* About this exercise
Give back exactly the line containing "Color: Miele ( a" together with all the lines after it, ending at the final line below.

[Records from a data collection]
* * * * * * * * *

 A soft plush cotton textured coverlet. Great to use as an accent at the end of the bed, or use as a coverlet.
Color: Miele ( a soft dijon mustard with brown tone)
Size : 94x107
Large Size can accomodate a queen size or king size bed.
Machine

* * * * * * * * *

* Output for this exercise
Color: Miele ( a soft dijon mustard with brown tone)
Size : 94x107
Large Size can accomodate a queen size or king size bed.
Machine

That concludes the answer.